# 70 years ago today



## n. liddell (sparks) (Nov 21, 2008)

Spare a thought gents - a lot of brave souls were lost 70 years ago today when HMS HOOD was lost. Not to forget those on The Bismark a few days later.


----------



## billyboy (Jul 6, 2005)

For OUR today they gave their tomorrow.
Rip gentlemen.


----------



## Malky Glaister (Nov 2, 2008)

Bob Dylan born today, 70 years ago. Wonder what he might have about Hood and Bismarck.

Regards Malky


----------



## Oz. (Sep 6, 2005)

If Dylan had written about it the lyrics wouldn't matter, no one would understand them anyway !
RIP to all those souls on both ships and on all ships during those rotten times.


----------



## sparkie2182 (May 12, 2007)

Rest in Peace.

S2182


----------



## stan mayes (Jul 22, 2006)

Rest in Peace -
Stan


----------



## sidsal (Nov 13, 2007)

Yes indeed - rest in peace> Remeber hearing the news when I was on HMS Conway in the Menai Straits.
Glad to see you're still posting Stan.!


----------



## johno2449 (Jan 16, 2008)

Any mention of HMS Hood always reminds me of my late Auntie Molly who was a "postwoman" during WW2 in a village near Portsmouth. She had the duty of delivering telegrams to some of the families of the crew - all of whom knew what had occurred by the time she appeared on their doorstep.


----------



## Leratty (Jun 3, 2012)

Does anyone know what happened to the few (6-7 I think or was it 3?) survivors of HMS Hood in later life? Were they awarded any decoration, did they go back to sea for rest of W.W.2, same same the Bismark survivors? I did see a do***entary after the Bismark was found where some of the latter went out to the site with Ballard & held a service & were interviewed. A couple were almost in tears remembering that they had been saved by the RN telling how well they were treated & recalling how sad it was that the rest had to be left in water due to a submarine alert. The Prinz Eugen out of interest is in Bikini (Atoll) Lagoon Micronesia, we have dived her. she is upside down with forward gun turrets having fallen off when she turned turtle, bow in about 140-60', her stern is above water. She was used along with a number of other vessels including a US aircraft carrier which we have also dived, Japanese battleship, cargo vessels & a sub in the U.S. Hydrogen bomb tests there. Experienced divers can penetrate her which we have, also swum through the bridge, pretty spooky let me tell you.


----------



## Union Jack (Jul 22, 2009)

May they rest in peace indeed - they will almost certainly be being remembered at Boldre today, see http://hmshood.com/hoodtoday/boldre.htm

Well worth a visit if you are in the New Forest or Lymington areas.

Jack


----------



## JoeQ (Jan 8, 2009)

Leratty said:


> Does anyone know what happened to the few (6-7 I think or was it 3?) survivors of HMS Hood in later life? Were they awarded any decoration, did they go back to sea for rest of W.W.2, same same the Bismark survivors? I did see a do***entary after the Bismark was found where some of the latter went out to the site with Ballard & held a service & were interviewed. A couple were almost in tears remembering that they had been saved by the RN telling how well they were treated & recalling how sad it was that the rest had to be left in water due to a submarine alert. The Prinz Eugen out of interest is in Bikini (Atoll) Lagoon Micronesia, we have dived her. she is upside down with forward gun turrets having fallen off when she turned turtle, bow in about 140-60', her stern is above water. She was used along with a number of other vessels including a US aircraft carrier which we have also dived, Japanese battleship, cargo vessels & a sub in the U.S. Hydrogen bomb tests there. Experienced divers can penetrate her which we have, also swum through the bridge, pretty spooky let me tell you.

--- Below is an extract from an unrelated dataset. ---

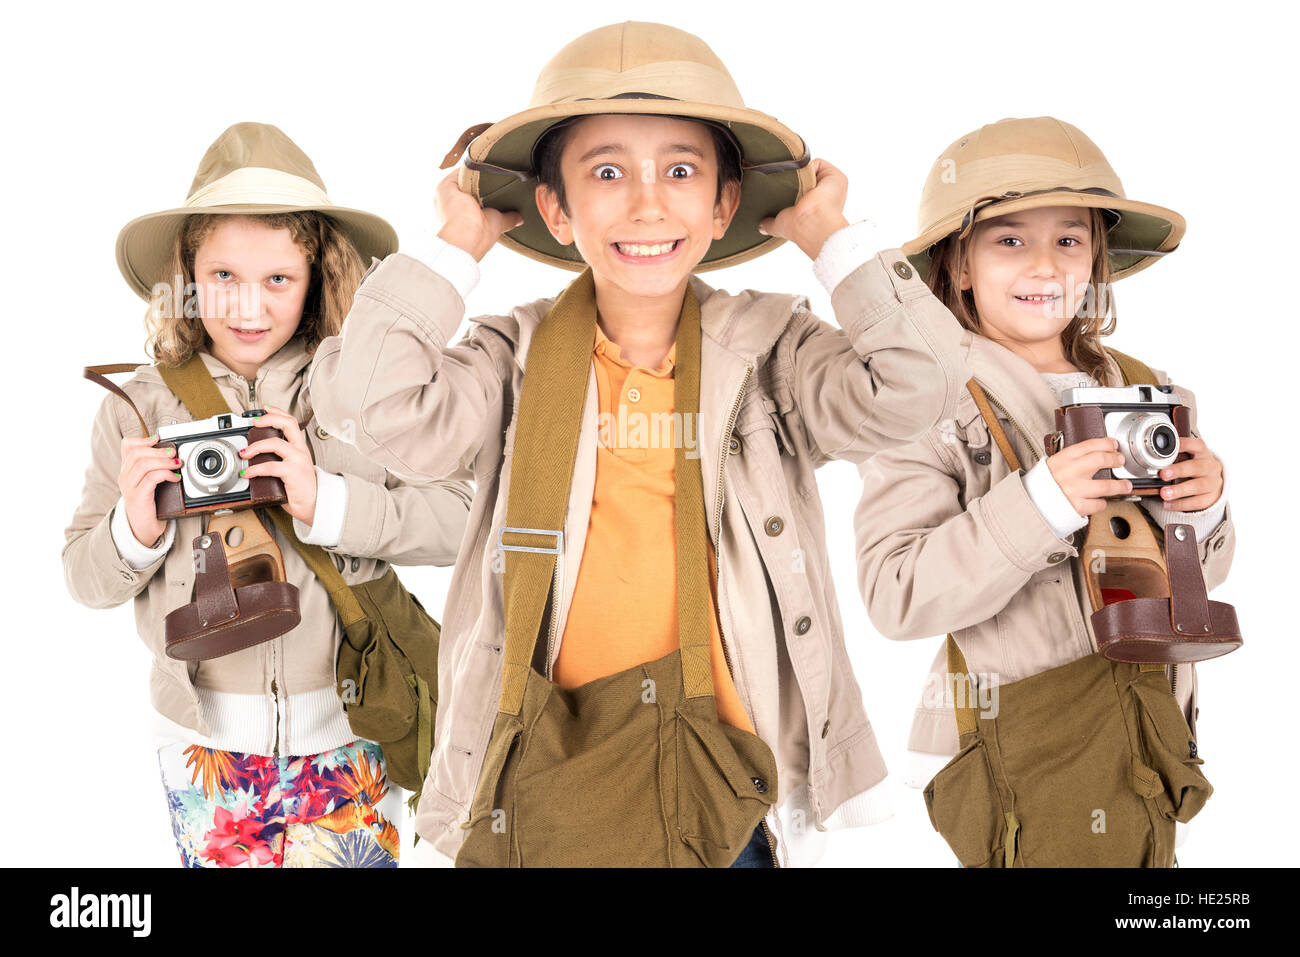 https://c8.alamy.com/comp/HE25RB/group-of-kids-having-fun-with-cameras-in-safari-clothes-HE25RB.jpg

The last survivor of HMS Hood died in 2008, his obituary is here:

http://www.telegraph.co.uk/news/obituaries/3140770/Ted-Briggs.html


----------



## Leratty (Jun 3, 2012)

Morning Joe Q, thanks so much for that much appreciated. I wonder if indeed the salvo that caused the deck penetration was as implied in that obit "deliberately fired to exploit her weakness"? I am not sure but interesting anyway.


----------



## n. liddell (sparks) (Nov 21, 2008)

I have just read with some amazement and discust that a scheme has been put forward, and approved by the powers that be, to allow an American entrepeneur to raise the bell from HMS HOOD and put it on display. Is it me or is this not a blatant case of grave robbing and profiteering. As one who lost a family member in this action I am horrified to think what they will allow next. I wonder what the American government would say if this guy wanted to remove articles of interest from the USS ARIZONA for instance.


----------



## Boatman25 (May 17, 2010)

The HOOD association is backing it and the Royal Navy museum is to show and keep it, the American is doing it for free, so people should be getting the story right and thanking him not pulling him to pieces, as said better brought up than stolen by some collectors, the story is on this Hood site http://hmshood.com/association/archi...s/bell2012.htm


----------